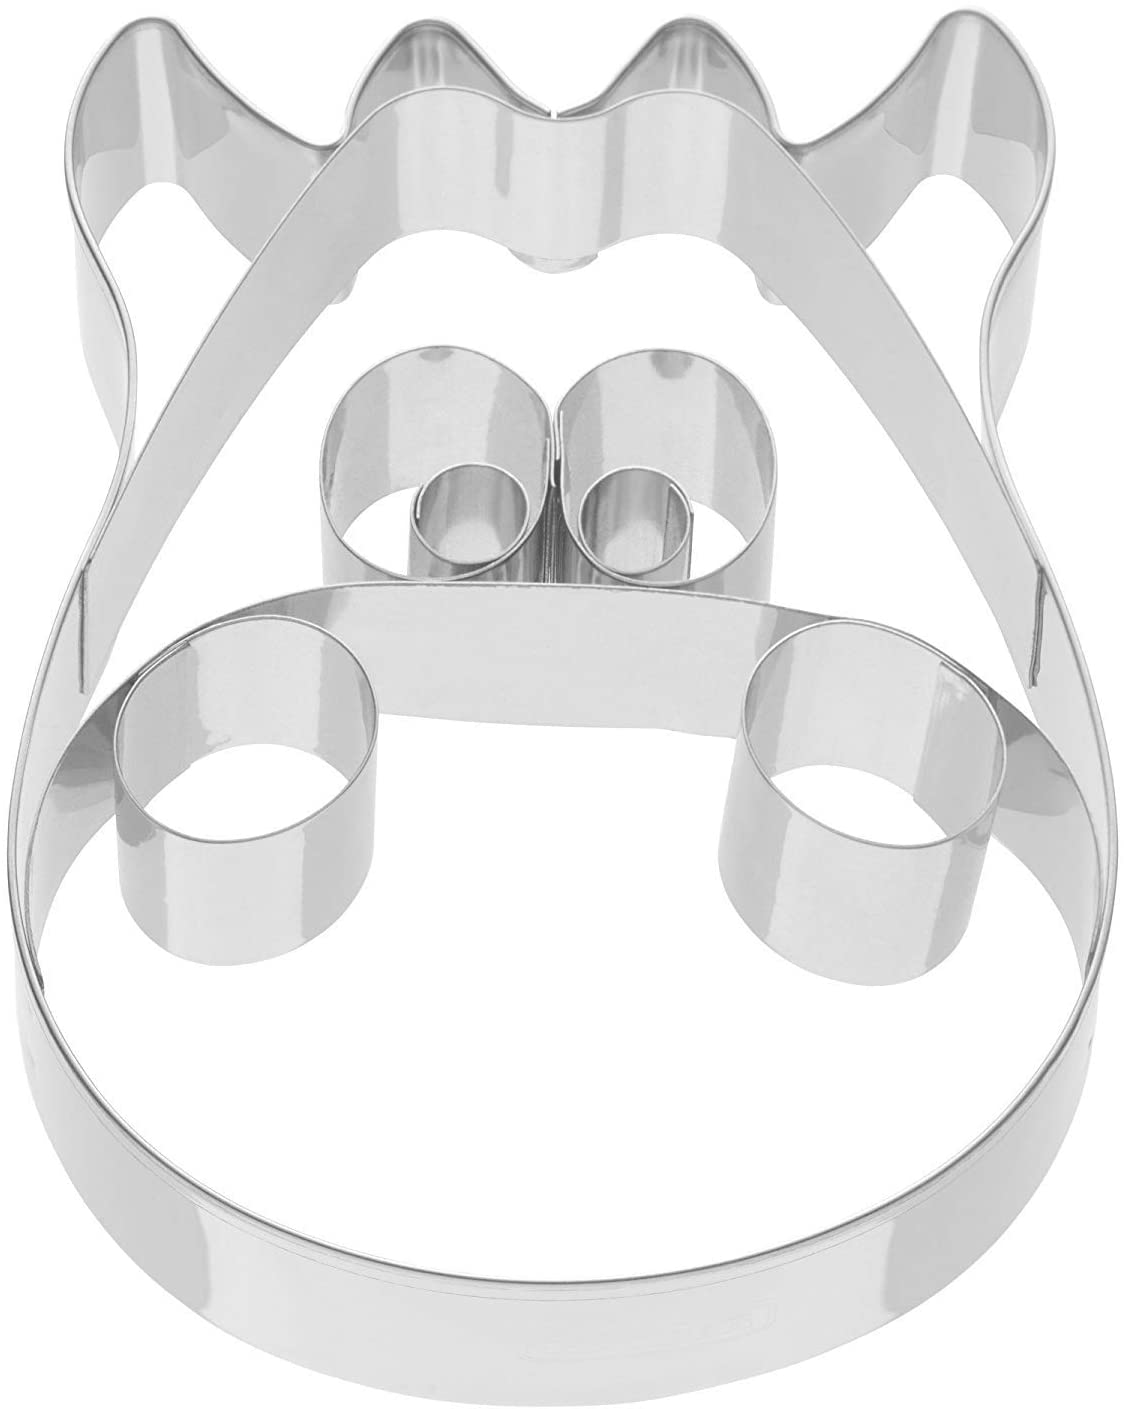 Kaiser Cookie Cutter Cow, Zoo, Stainless Steel, Cookie Cutter for Biscuits, 10 x 8 x 2.5 cm
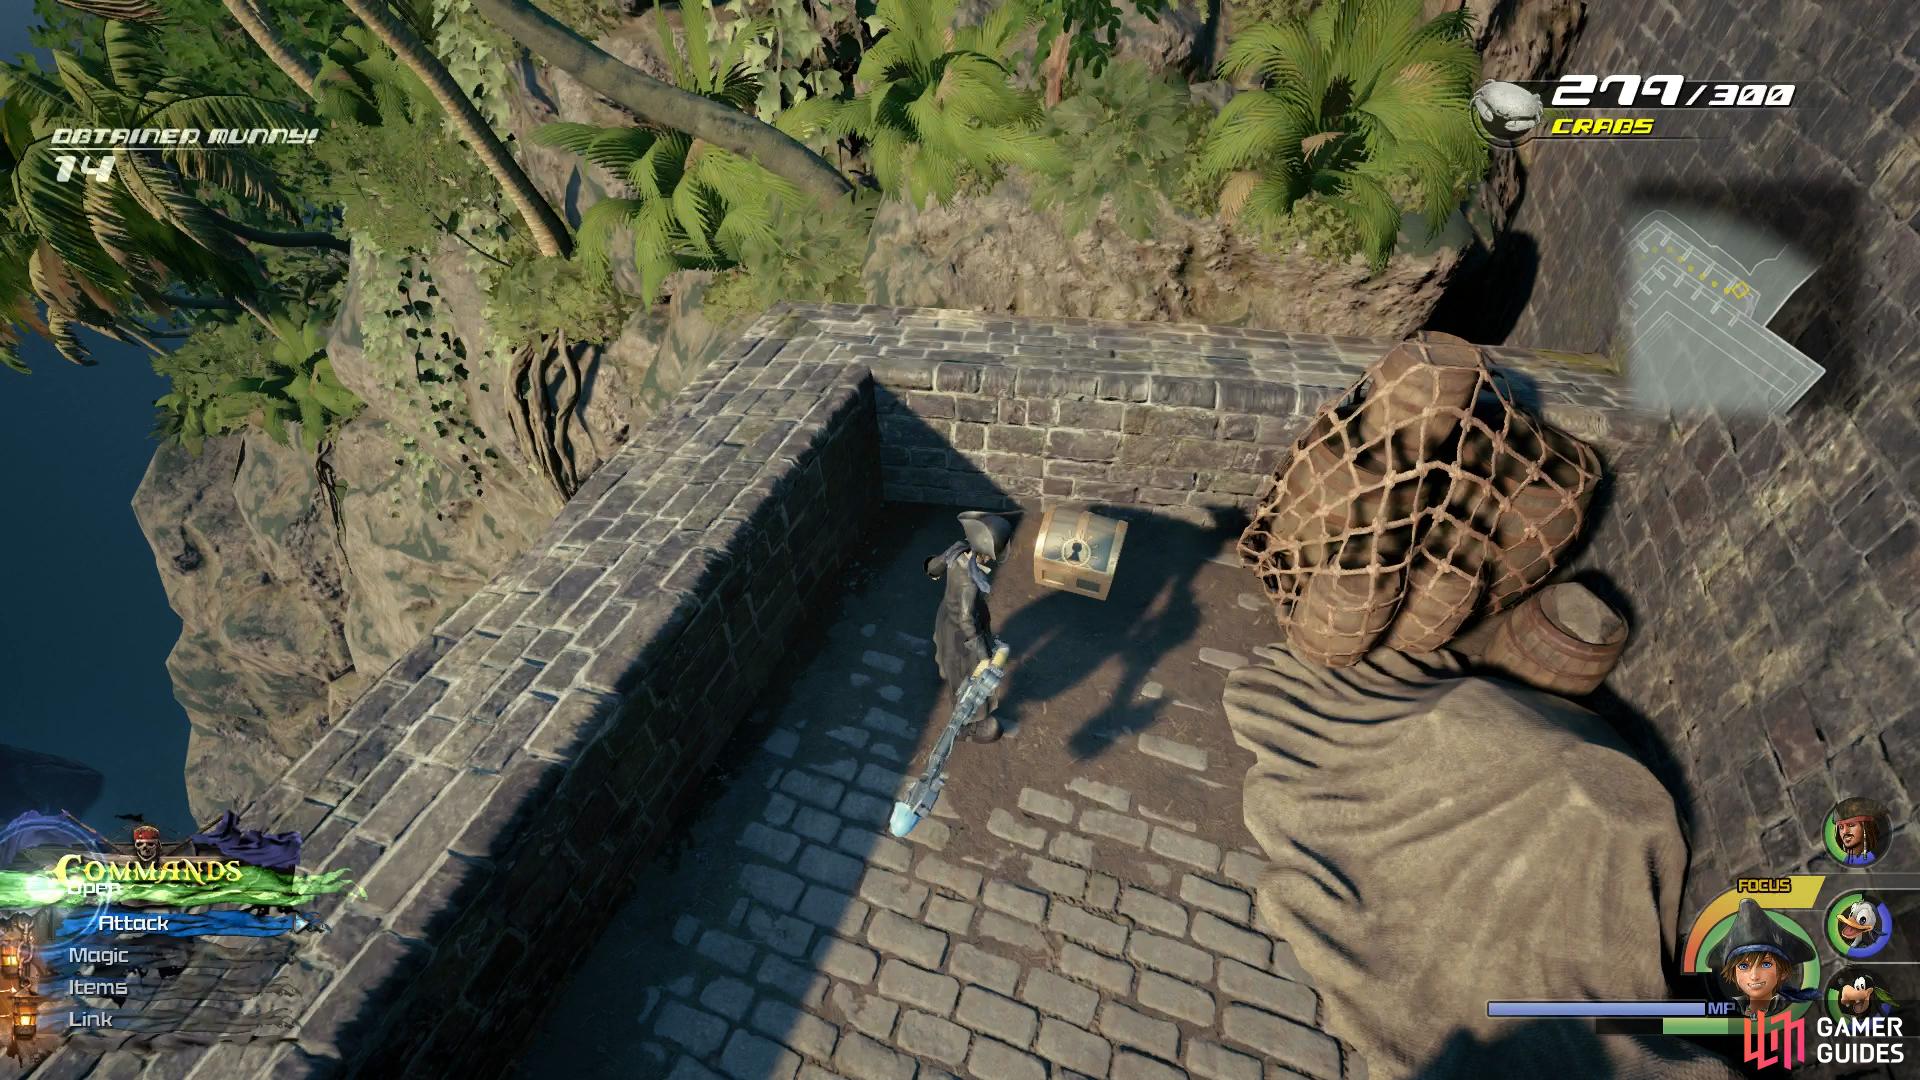 Head into the Fort’s courtyard to find this chest.
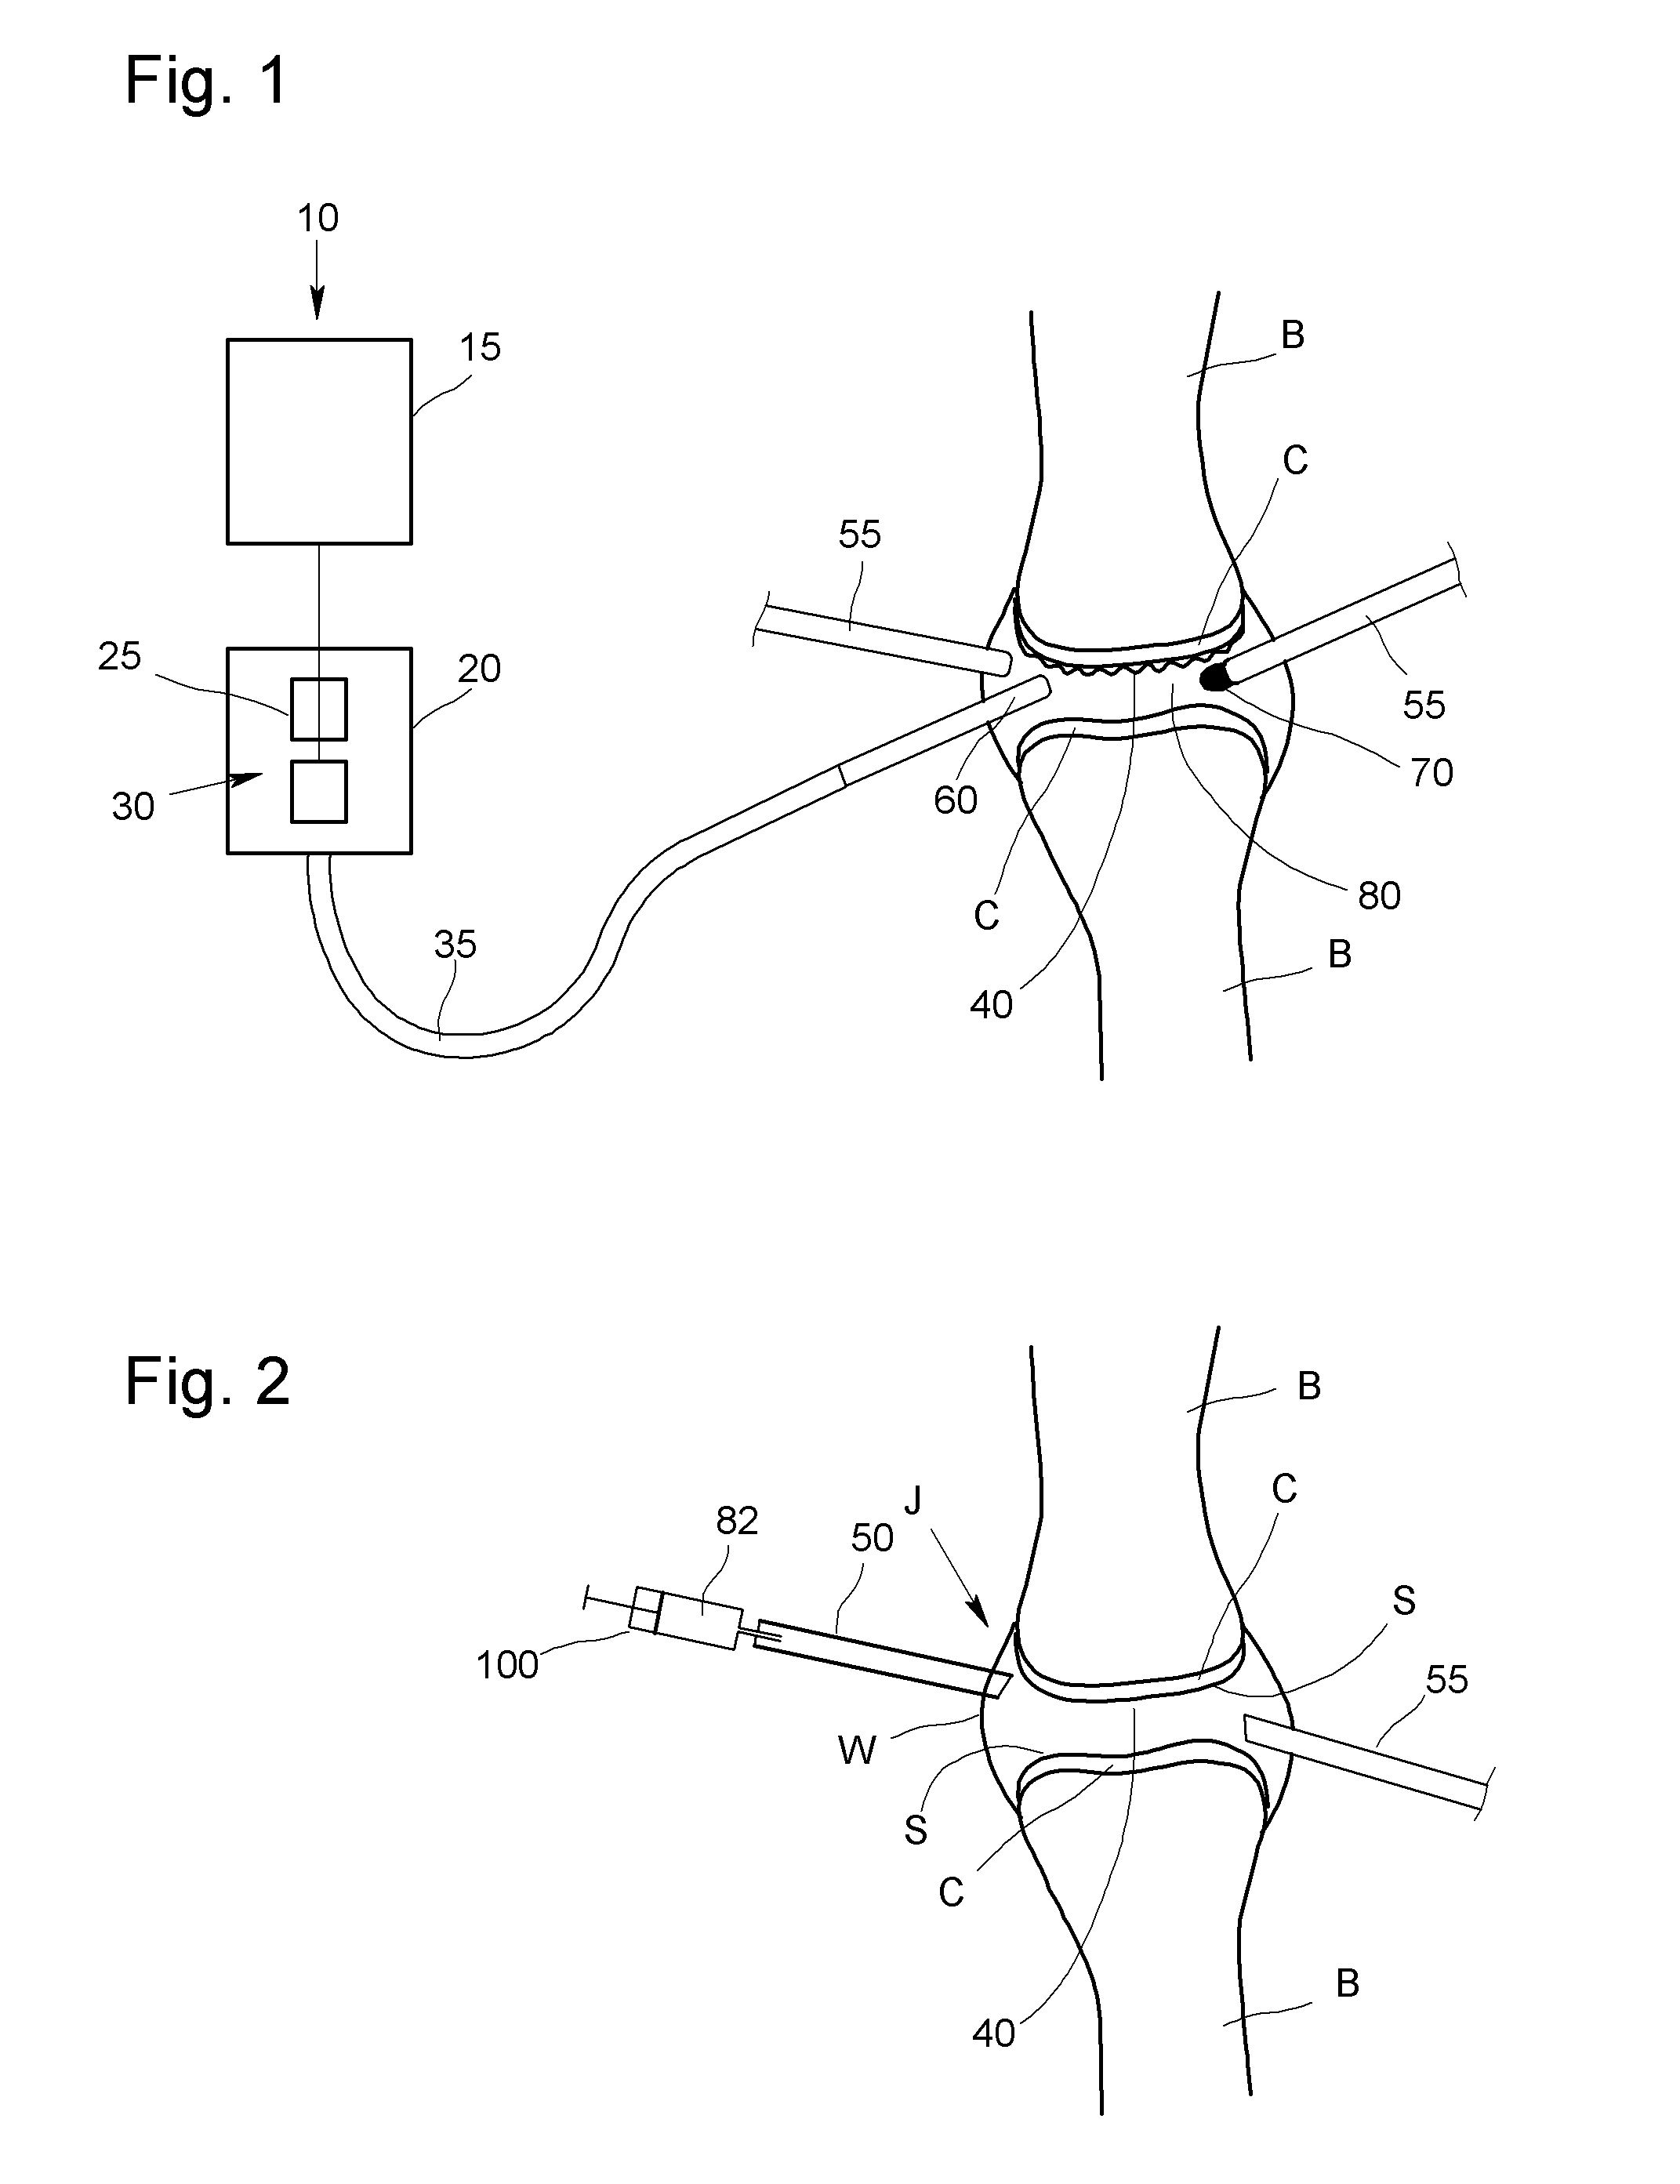 Method for the ablation of cartilage tissue in a knee joint using indocyanine

▬▬▬

**EXERCISE DESCRIPTION:** Write the listing above out again exactly, but not the images it holds.

**EXPECTED ANSWER:**
 Kaiser Cookie Cutter Cow, Zoo, Stainless Steel, Cookie Cutter for Biscuits, 10 x 8 x 2.5 cm
 Head into the Fort’s courtyard to find this chest.
 Method for the ablation of cartilage tissue in a knee joint using indocyanine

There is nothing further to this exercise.